In the absence of any catalyst, the self-decomposition rate of PMS is very low and the redox potential of PMS itself is low (1.75–1.82 V), resulting in the degradation efficiency of SMX within 40 min being only 7.9% (Figure 5a) [25]. In the BC/PMS system, the degradation efficiency of SMX was 67.3% within 40 min, indicating that biochar was not efficient enough to activate PMS to degrade SMX. The degradation efficiencies of SMX in the Fe₃O₄@BC/PMS system and MgO@BC/PMS system within 40 min were 82.0% and 72.0%, respectively. According to the results of the degradation experiment, MgFeO@BC can effectively promote the activation of PMS to degrade SMX, and the degradation efficiency of SMX in the MgFeO@BC/PMS system within 40 min is 99.0%. In addition, the degradation of SMX in the MgFeO@BC/PMS system conforms to pseudo-first-order kinetics, and the k_obs of 0.103 min⁻¹ is 4.0 times, 2.9 times and 3.8 times that of the BC/PMS system, Fe₃O₄@BC/PMS system and MgO@BC/PMS system, respectively, as shown in Figure 5b. The typical pollutant degradation efficiencies in different systems are shown in Table S1.

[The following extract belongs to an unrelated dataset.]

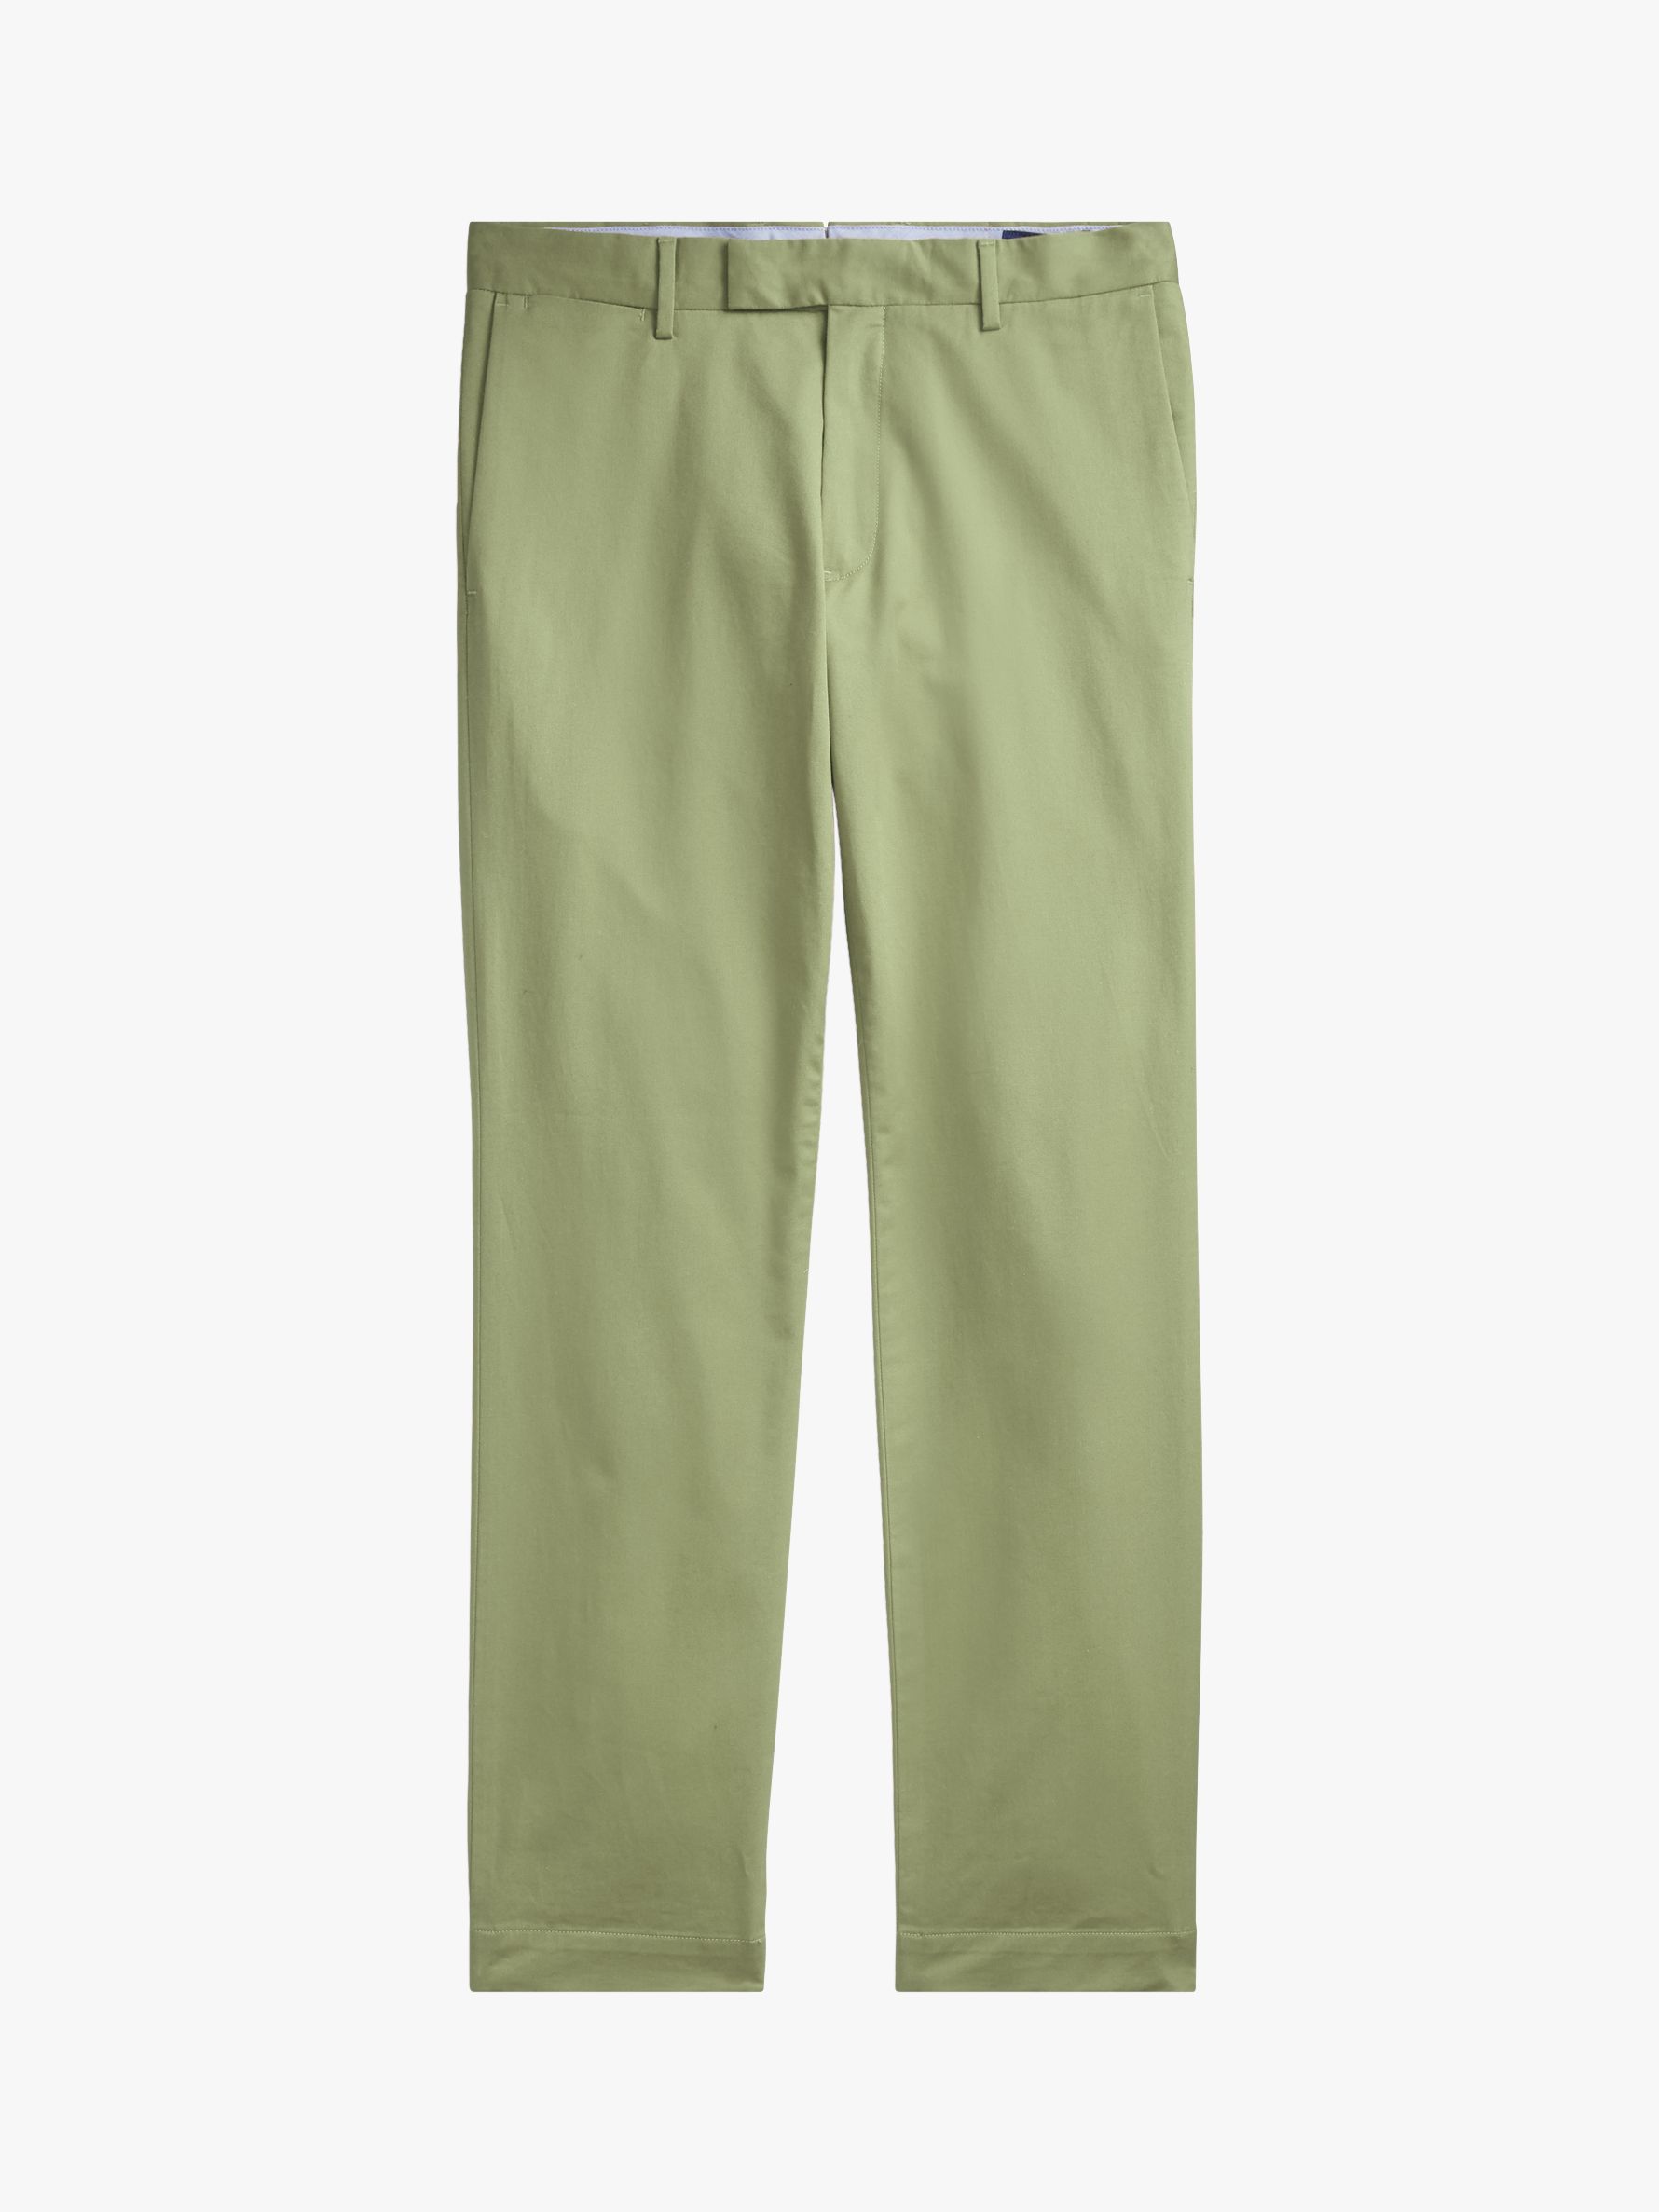 ralph lauren green trousers

The effects of different reaction parameters on the degradation efficiency of SMX were investigated (Figure 6). When the MgFeO@BC dosage is in the range of 0.2–0.6 g/L, SMX removal efficiency in MgFeO@BC/PMS system increases with the increase in MgFeO@BC dosage, from 86.0% to 100.0% (Figure 6a). The corresponding k_obs increased from 0.040 min⁻¹ to 0.132 min⁻¹. The increased dosage of MgFeO@BC can not only promote the interaction between pollutant molecules and MgFeO@BC, but also promote the rapid formation of reactive oxygen species (ROS), which leads to the increase in SMX degradation efficiency [26]. However, when the dosage of MgFeO@BC was increased to 0.8 g/L, the degradation efficiency of SMX decreased from 100.0% to 88.0%, and the corresponding k_obs decreased from 0.132 min⁻¹ to 0.039 min⁻¹. This is because the further increase in the dosage of catalyst may produce excess radicals in a short period of time, and the interaction between these radicals will lead to a decrease in the SMX removal efficiency.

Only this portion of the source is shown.